In the data marts, the data are often stored as multi-dimensional matrices in the so-called star schema or related data schemas like snowflakes and Galaxy schema. Also conceivable are mixed forms as the star flakes or Star Flake Schema, combine the advantages of the aforementioned models.
In recent years, more and more turning away from regular excessive loading through to real-time data warehousing has been completed. Some industries, such as telecommunications and retailing industries had need for readily available data while preserving the separation of operational and evaluating systems. Real -time data warehousing is the prerequisite for the active data warehouse (English Active Data Warehouse, associated process Active Data Warehousing, both short ADW ). In the active data warehousing are firstly the results of the analysis of time - and event-driven communicated to interested receivers, on the other hand allows the Active Data Warehousing direct control of operational processes such as Workflows. In addition to the loading of the data warehouse with timely data to Active Data Warehousing includes the immediate playing back the results into operational systems. This analysis results of data from the data warehouse, in turn, affect the the data warehouse supplying operational systems; one speaks therefore of the closed loop.
Data Warehouse Applications
- Integration of data from differently structured and distributed databases in order to allow a global view of the source data, thus overlapping evaluations
- Identifying hidden relationships between data through data mining
- Fast and flexible availability of reports, statistics and indicators in order to recognize about relationships between market and services can
- Detailed information about business objects and relationships
- Transparency over time to business processes, cost and resource use
- Provision of information, for example for the creation of product catalogs.

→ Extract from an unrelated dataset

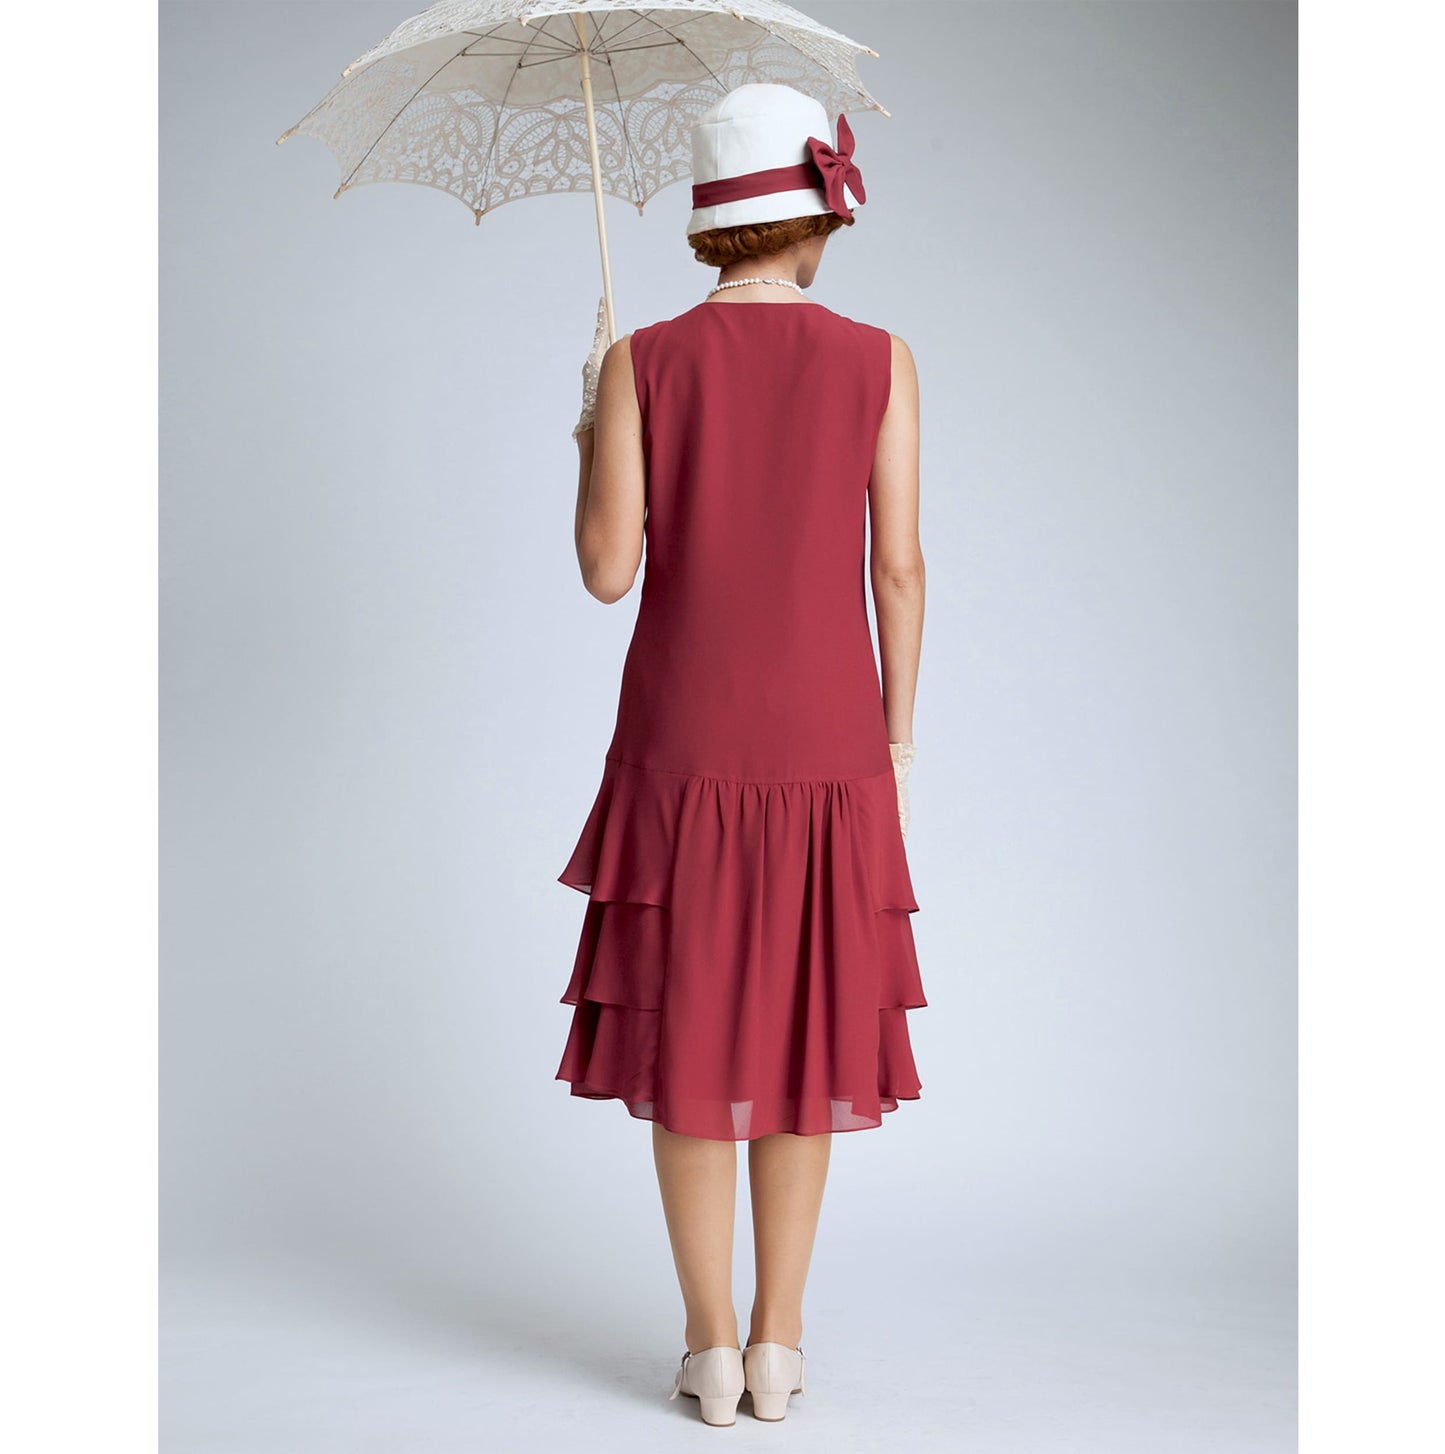 Great Gatsby chiffon dress in maroon red with tiered skirt

The 59th Conference of Data Protection Commissioners of the Federation and the Länder of 14-15. March 2000 has, in its resolution on data warehouse, data mining and data protection on the legal risk to go, which is associated with these methods. In particular, the fundamental right to informational self-determination and the protection of privacy is in danger. Reason is the possibility of the said method to store personal data on their earmarking out and take advantage of what is unlawful under certain circumstances. Our recommendation is to focus on techniques that use an anonymous or pseudonymous form of the original form of the personal data.